2/11/2001 • 19h01
Le poker menteur de Microsoft
Le feuilleton du procès Microsoft continue, mais cette fois, nous sommes dans une énorme partie de poker menteur. En se mettant d’accord avec le ministère de la Justice, Bill Gates espère entraîner les 18 ...tats parties au procès dans un deal global. Au nom de quoi ?

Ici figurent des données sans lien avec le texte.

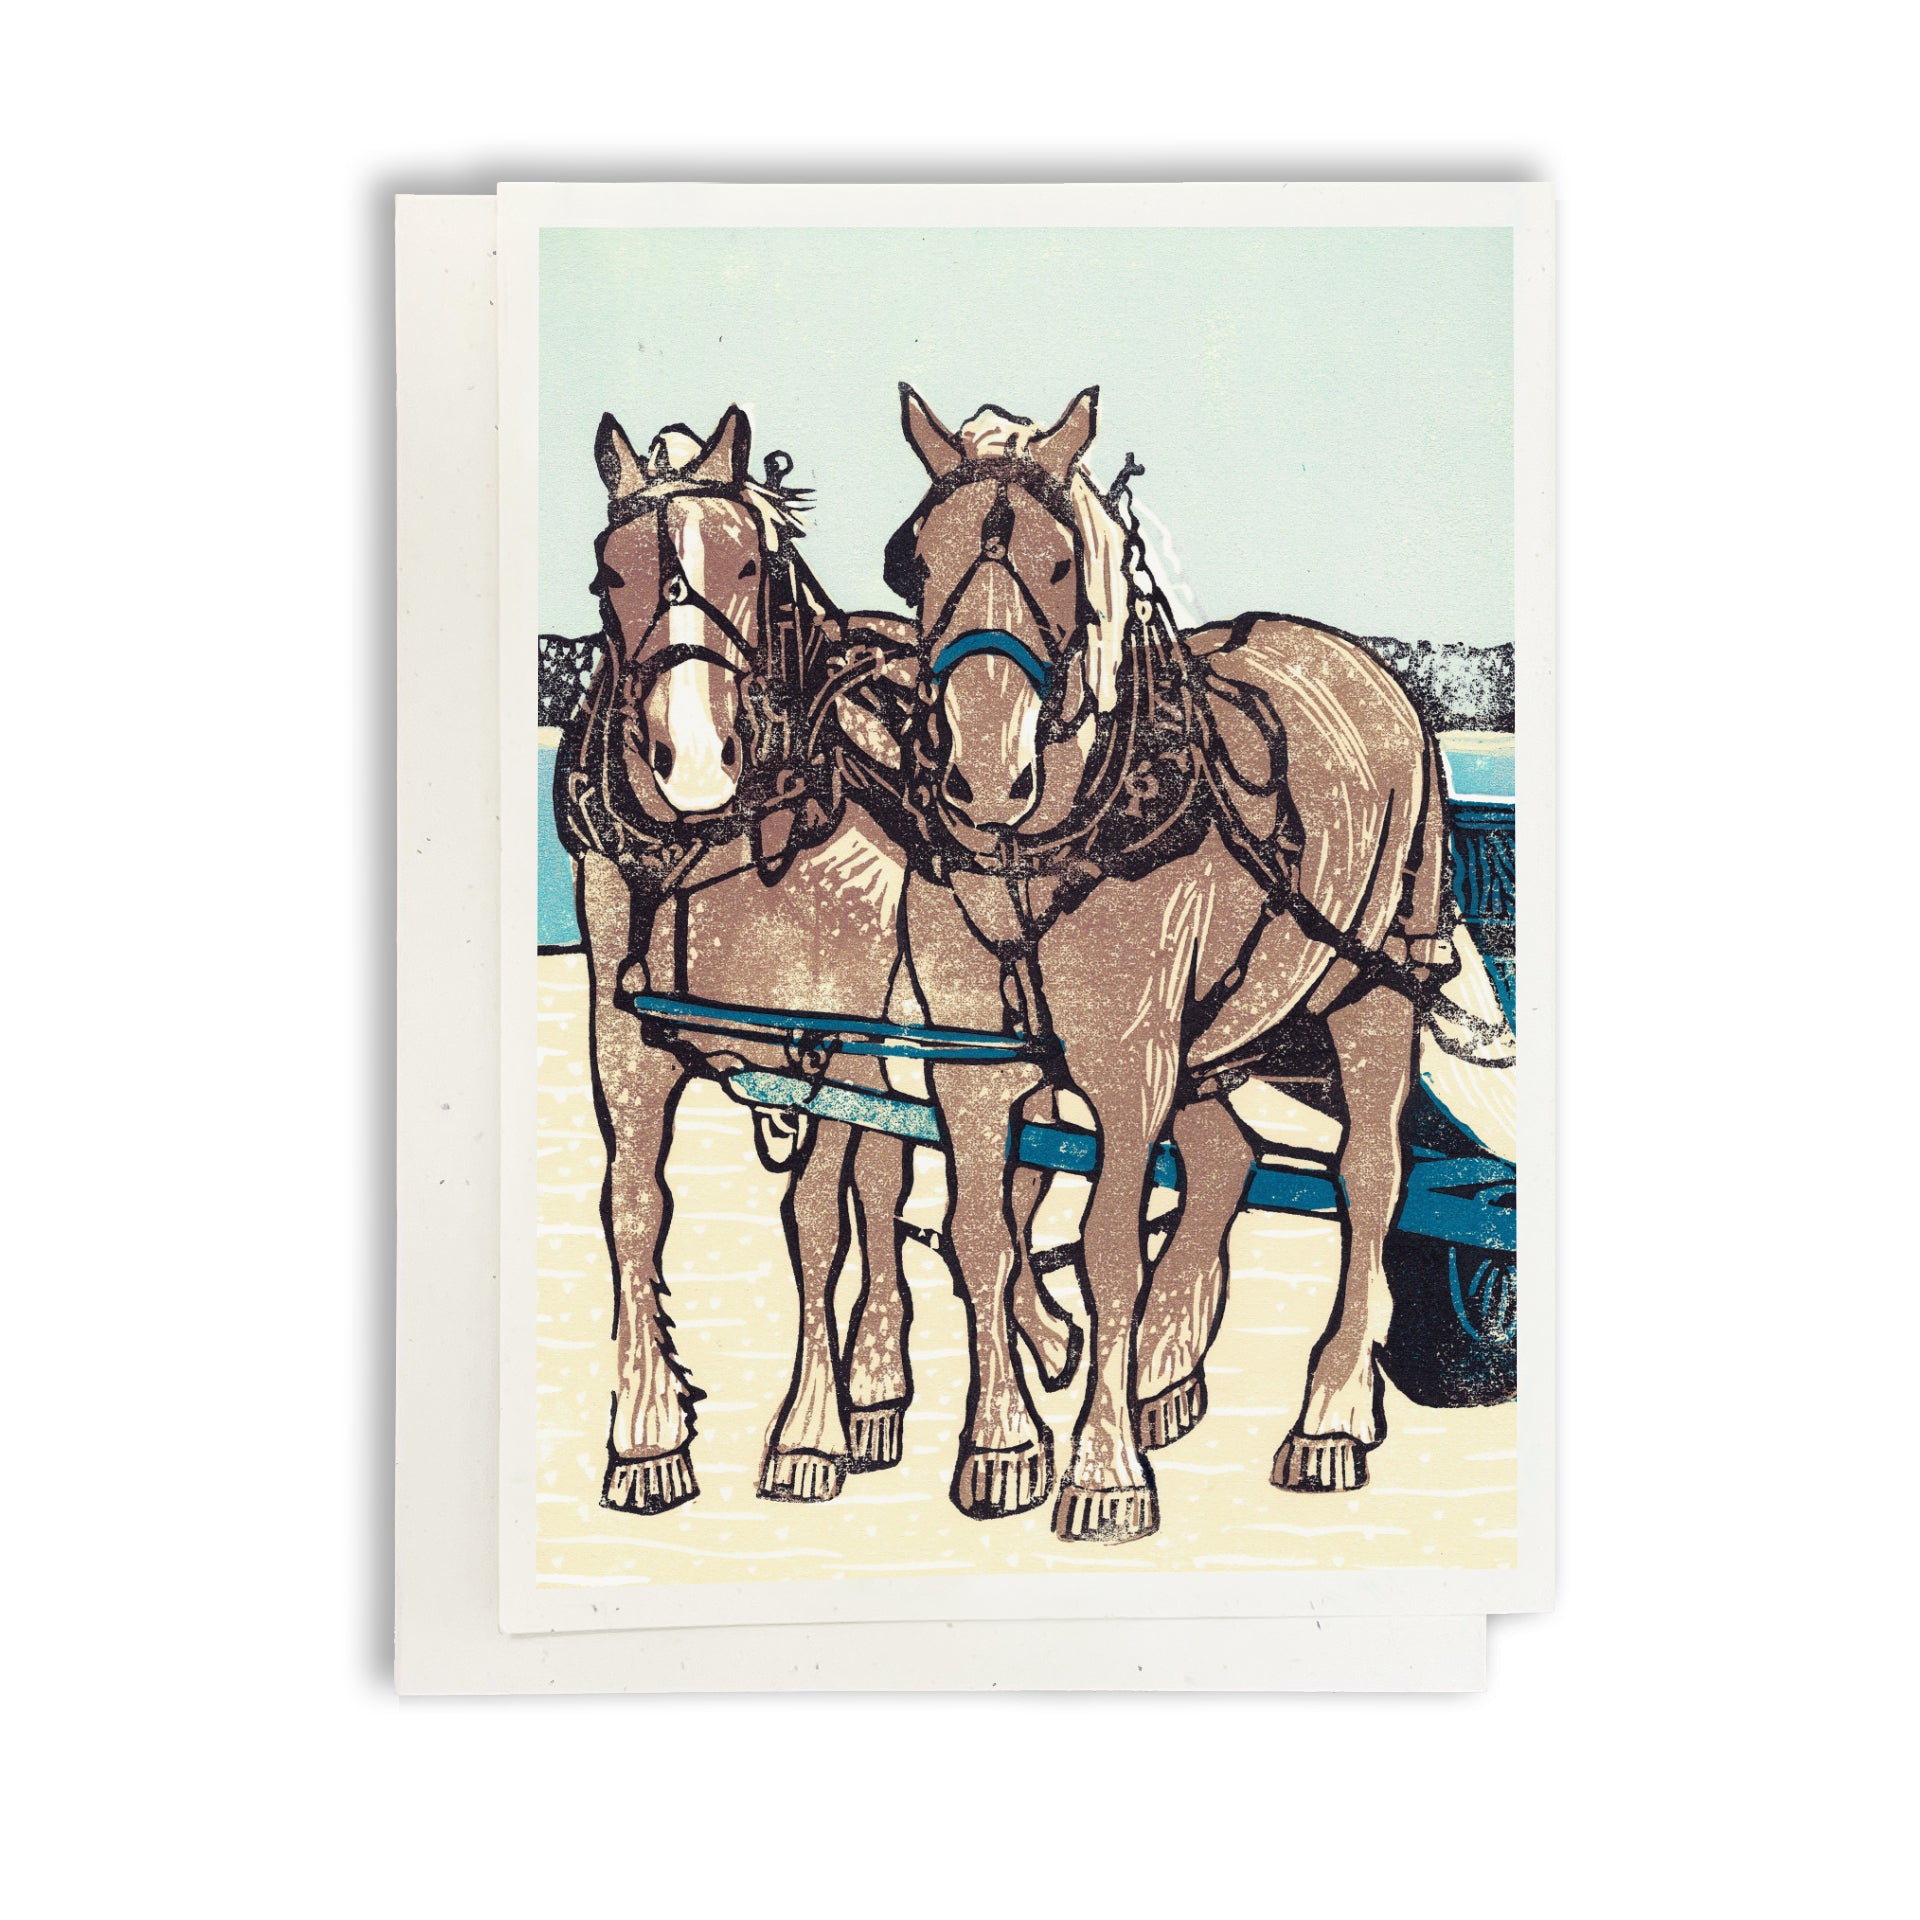 Dray Team on the Dock greeting card by Natalia Wohletz of Peninsula Prints.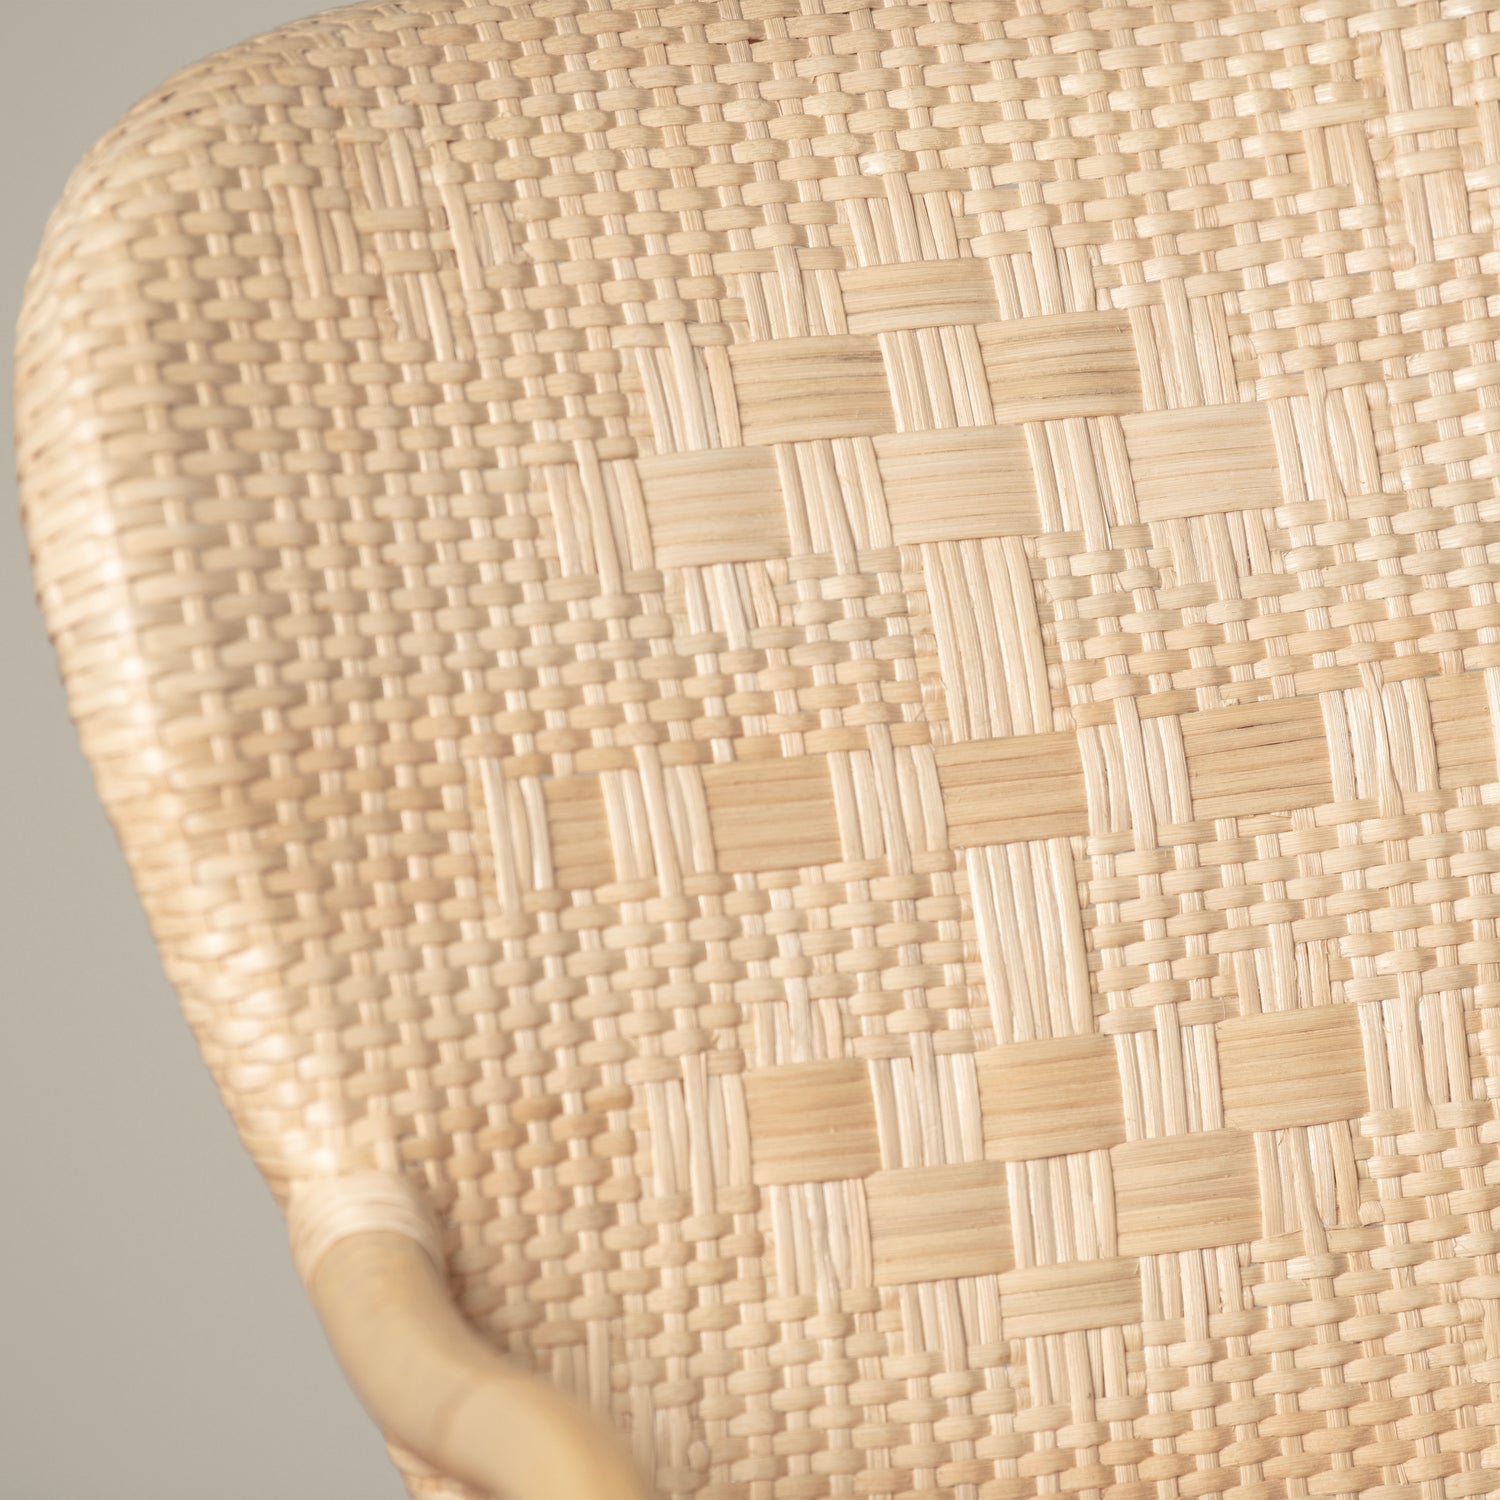 A closeup of the rattan chair and its woven cane detailing.

L’histoire vaut quand même le détour. Je ne dirais pas que le dénouement est une surprise : il y a trois ans, Transfert écrivait déjà pourquoi Microsoft ne serait pas démantelé. Mais quand même... Qui aurait cru que Microsoft pourrait s’en tirer à si bon compte ? À regarder de près les termes de l’accord, et considérant que Microsoft a été reconnu par les tribunaux (jusqu’en appel) comme ayant abusé de sa position dominante, on a l’impression de voir la firme recevoir un simple "rappel à la loi" du genre de ceux que l’on donne aux mineurs primo-délinquants... Du genre : "OK, vous avez volé les sacs de petites vieilles, mis le feu à quelques poubelles, balancé des pierres sur les voitures de police, et détruit les ascenseurs des immeubles. Hé ben, ce n’est pas bien. Pas du tout. Alors, à partir d’aujourd’hui, vous allez promettre de ne plus recommencer et on va mettre un assistant social qui va vous suivre, et à qui vous promettez de tout dire." Bien sûr, j’exagère. Microsoft n’a jamais agressé de petite vieille. Mais la firme de Redmond a bien été condamnée par des tribunaux pour des actes sérieux (même si certains concurrents ont parfois fait pire sans être condamnés...), et l’accord avec le ministère de la Justice lui demande, surtout, de ne plus recommencer... Microsoft a bien lâché quelques billes sur le secret de ses codes ou une totale collaboration avec des "surveillants" indépendants, mais rien qui mettent en cause le fonctionnement même de la société, ses méthodes et son calendrier futur. Pour la firme, à quelques détails près, l’avenir sera business as usual... On peut penser que le ministère de la Justice a de bonnes raisons pour un tel arrangement. Le soutien de Microsoft au Parti républicain ? Pas suffisant. L’intérêt supérieur de la nation ? Oui, peut-être. Microsoft est une des rares sociétés à tenir son rang à Wall Street, ce n’est pas le moment de mettre la valeur en péril, alors que Ben Laden et les posteurs d’anthrax font tout ce qu’ils peuvent pour ébranler l’édifice économique et politique américain. On assiste à un grand coup de bluff que seule la situation actuelle des ...tats-Unis permet. Car l’accord est tellement déséquilibré au profit de la société de Bill Gates qu’il serait étonnant que les 18 ...tats parties au procès s’en satisfassent. Sauf à faire jouer un sentiment qui n’a rien à voir avec la justice : le patriotisme...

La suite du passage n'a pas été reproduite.